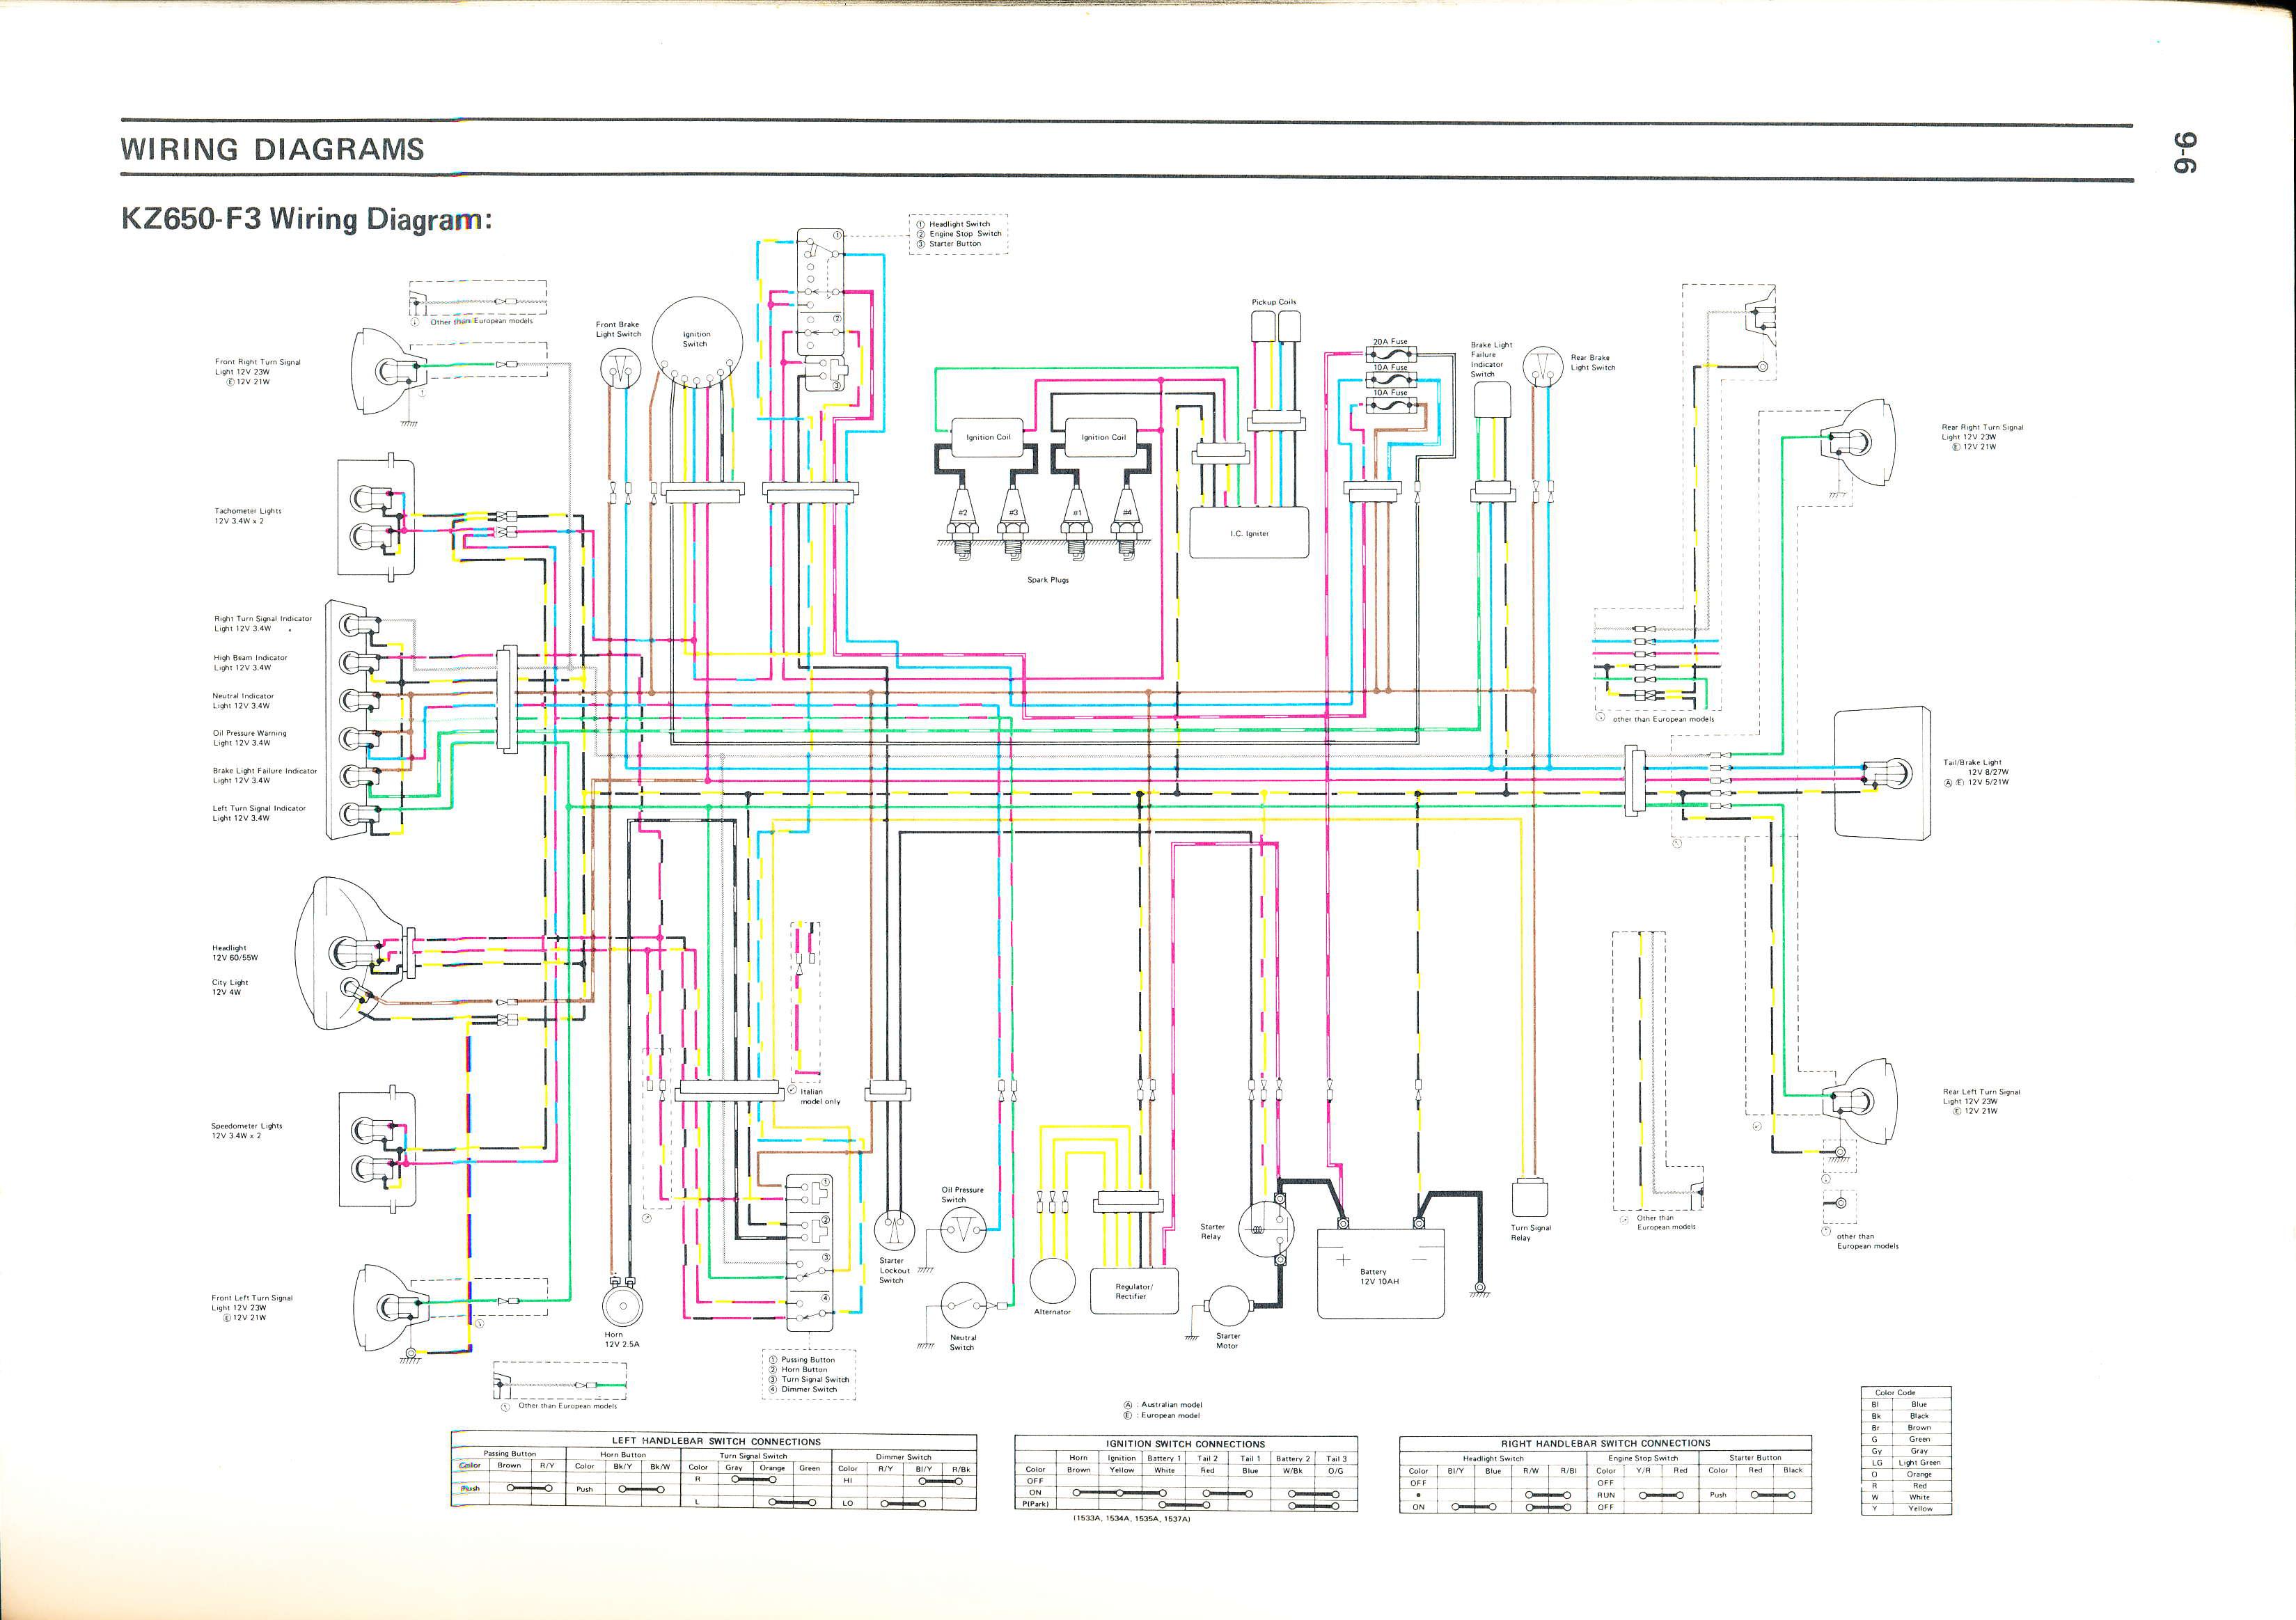 1986 chevy diesel alternator wiring diagram kz900 wiring diagram #6
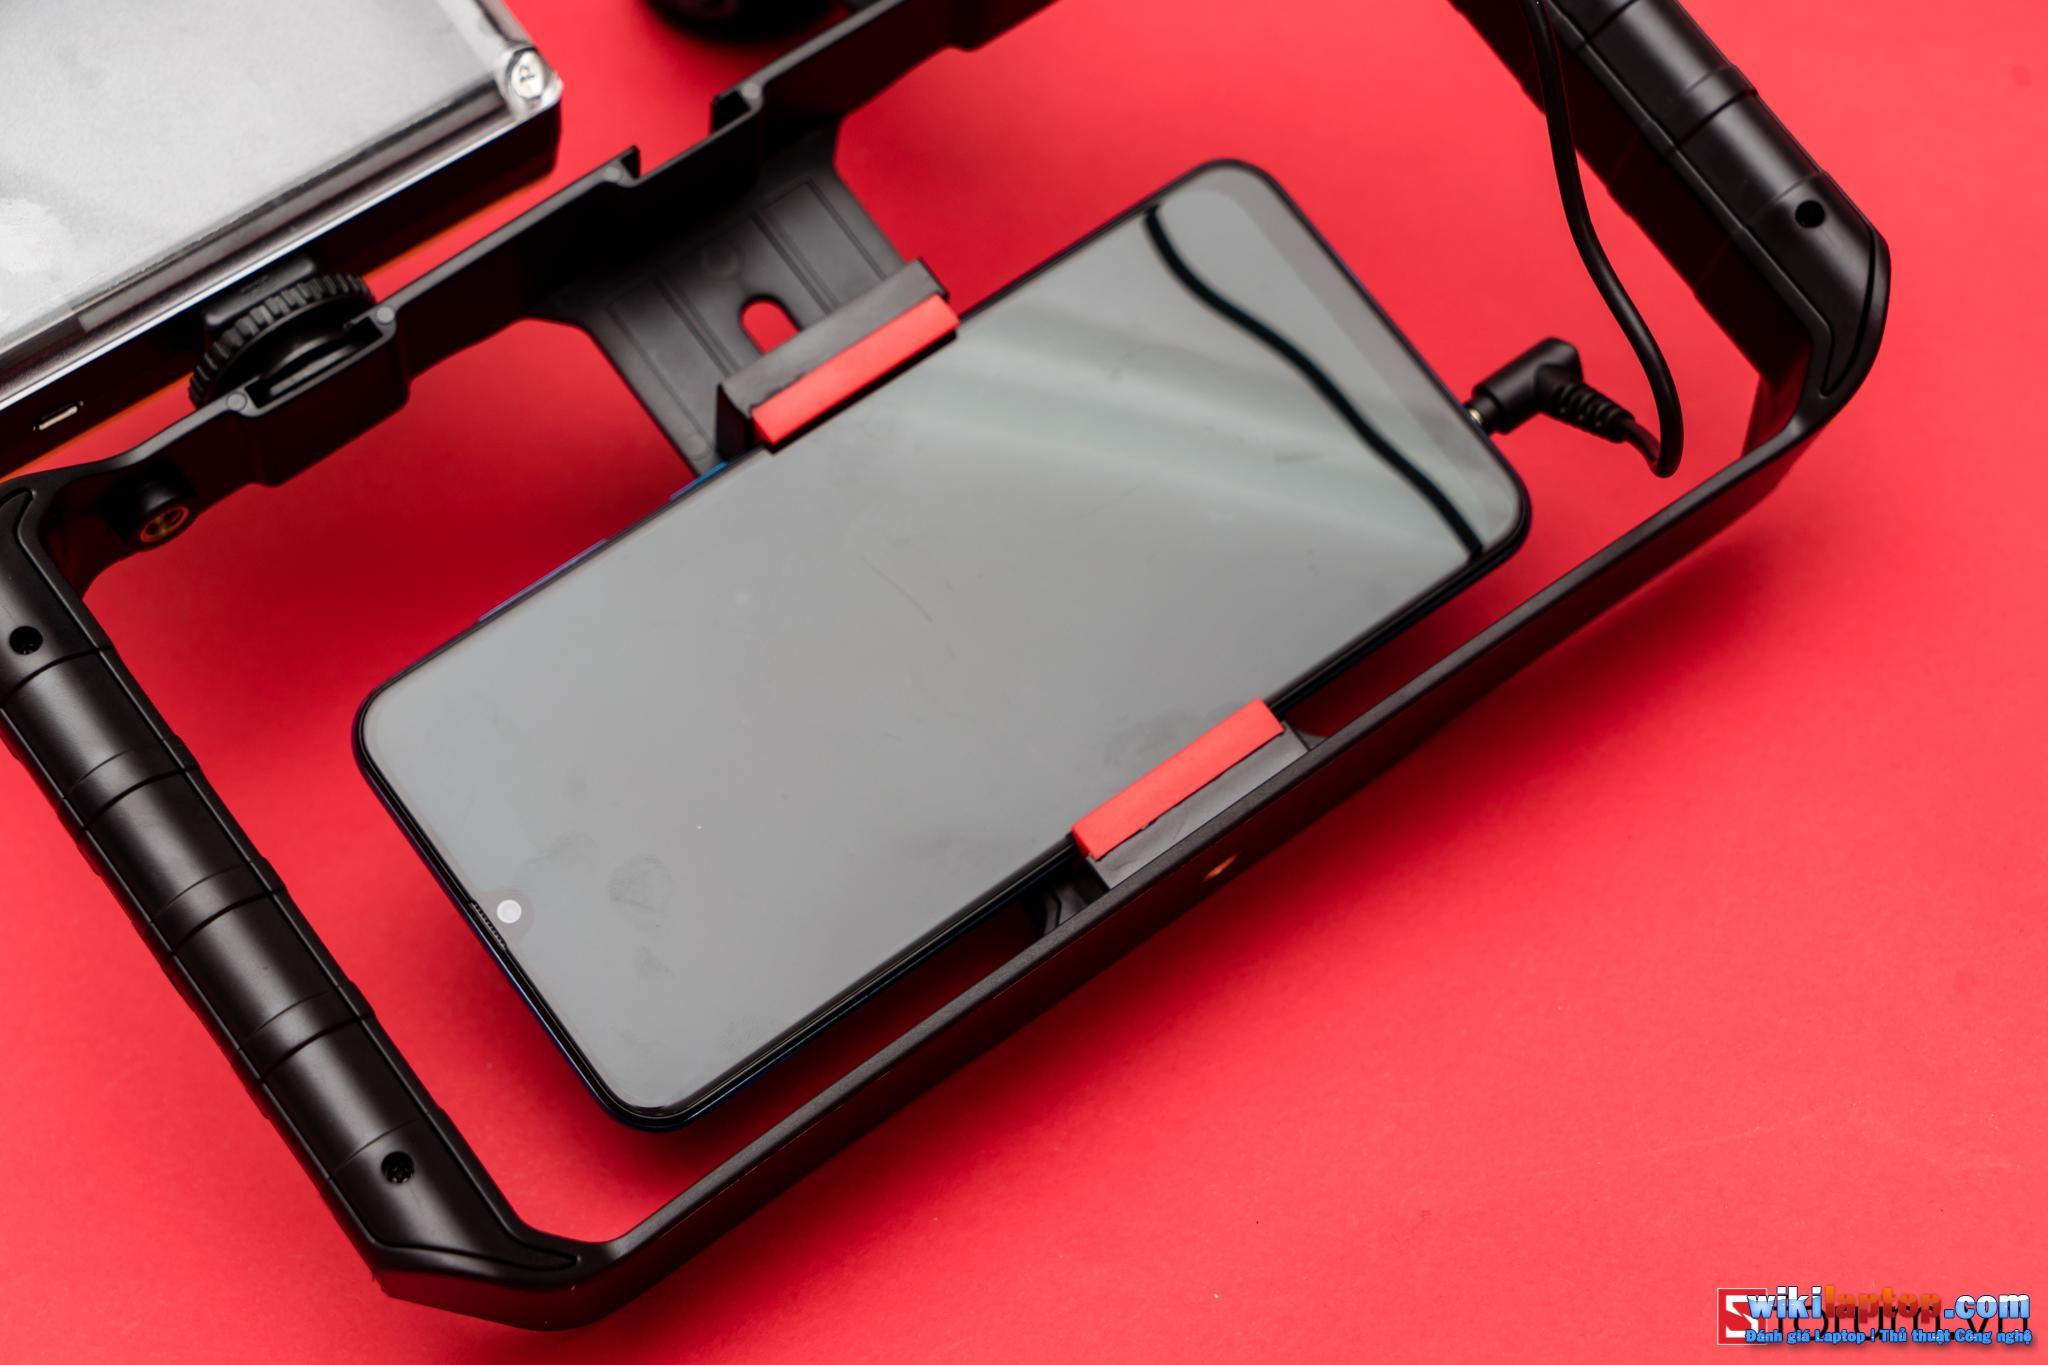 Sforum - Trang thông tin công nghệ mới nhất CPS-Combo-Quay Phim-So-2-55 Trải nghiệm Combo 2 Pro: Phim chống rung mà không cần gimbal?
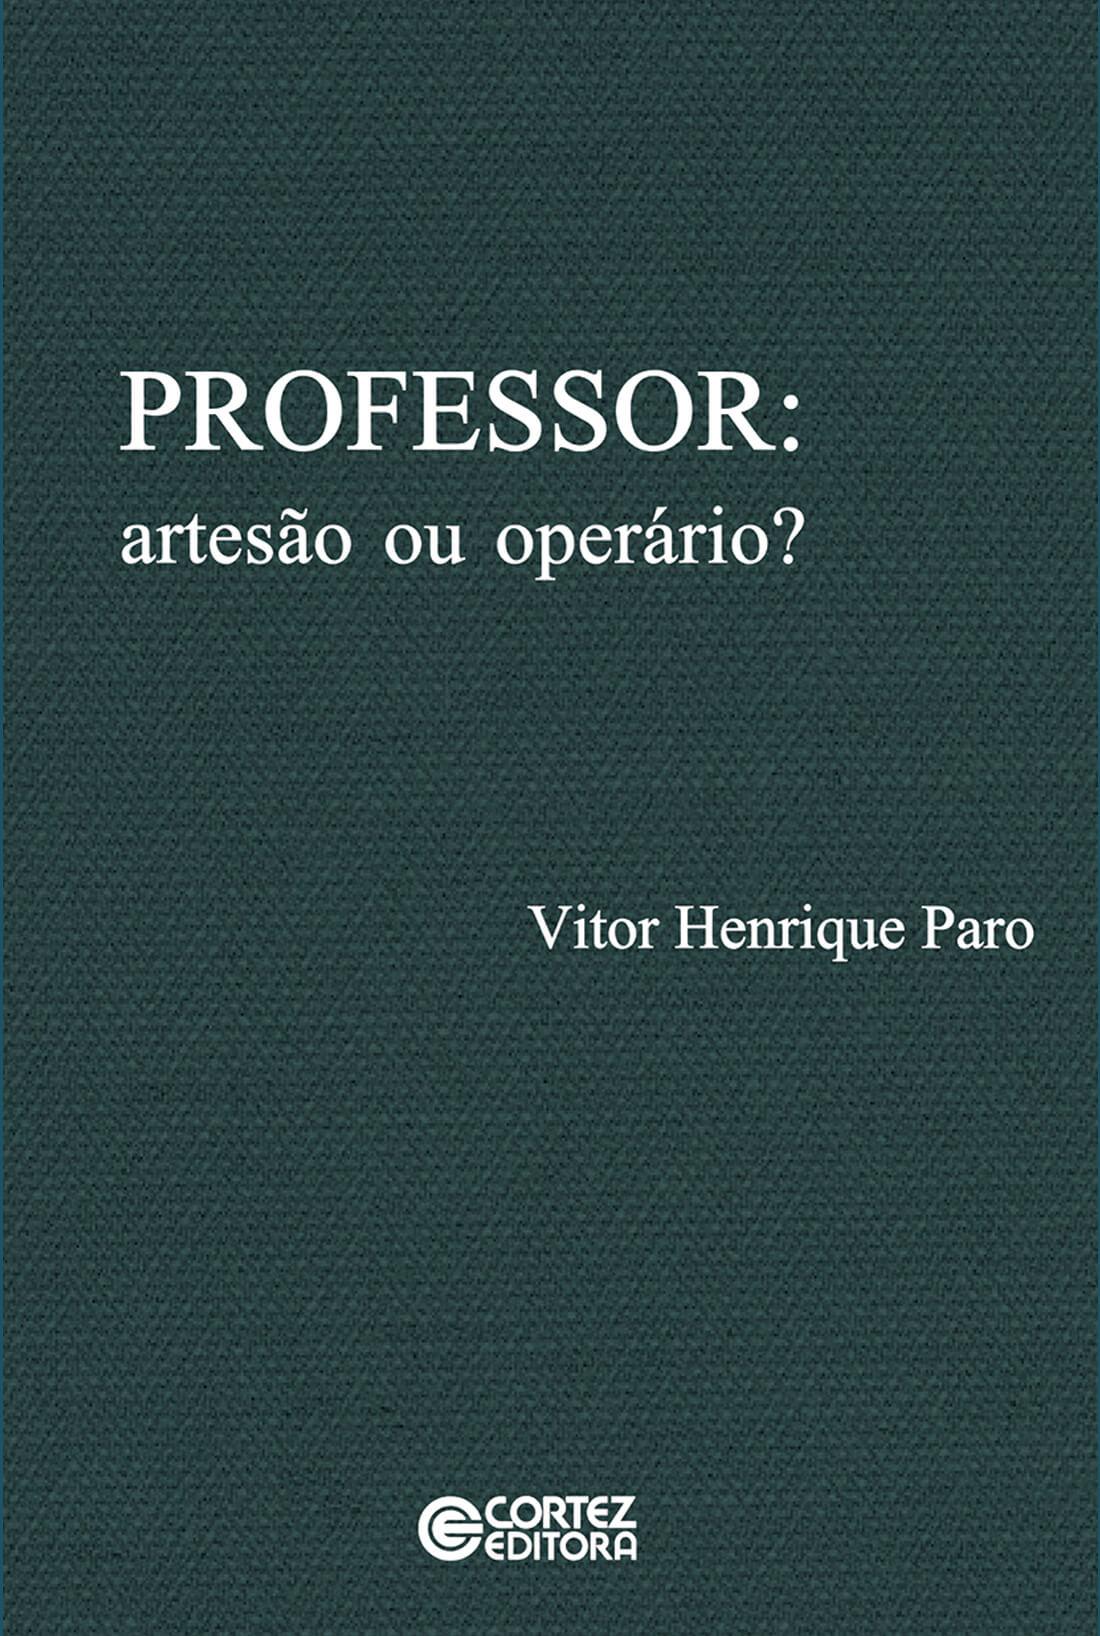 Professor: artesão ou operário?, livro de Vitor Henrique Paro
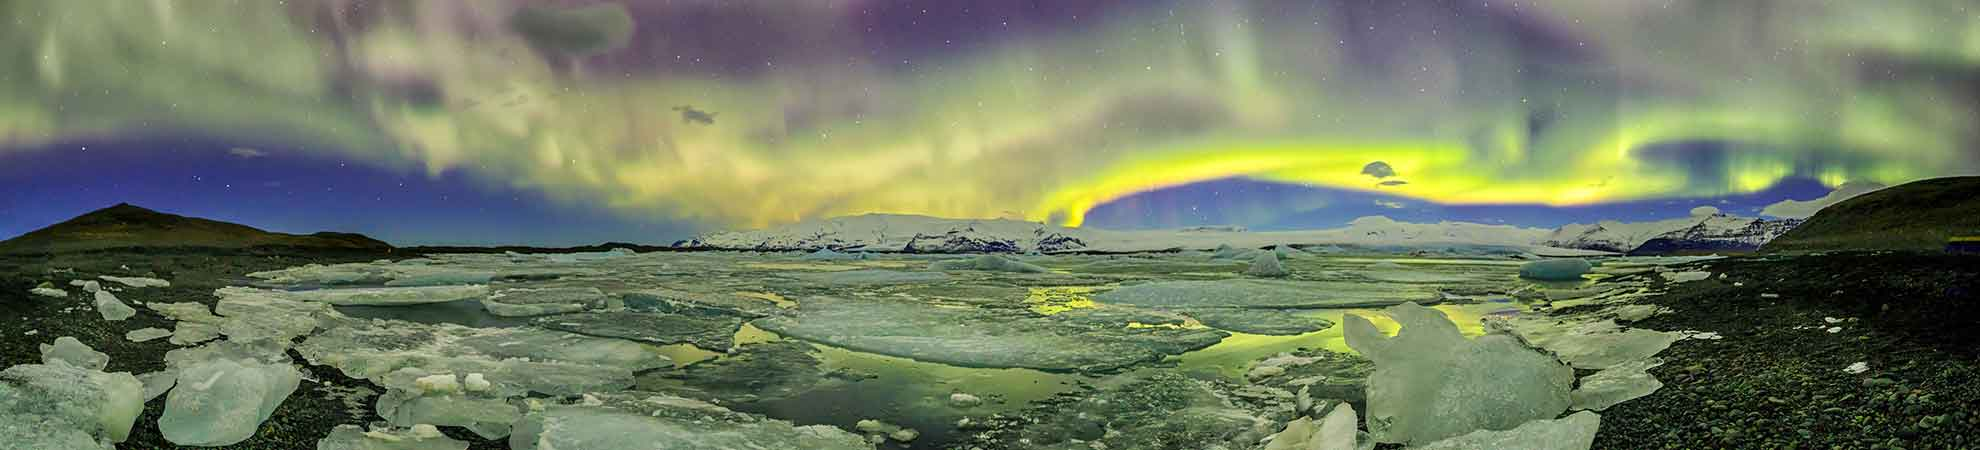 Voyage islande aurore boréale

# [What is needed]
Pictures do not belong in the copy. Repeat exactly each line from the one with "Sforum - Trang" through the end of the listing.

# [Expected answer]
 Sforum - Trang thông tin công nghệ mới nhất CPS-Combo-Quay Phim-So-2-55 Trải nghiệm Combo 2 Pro: Phim chống rung mà không cần gimbal?
 Professor: artesão ou operário?, livro de Vitor Henrique Paro
 Voyage islande aurore boréale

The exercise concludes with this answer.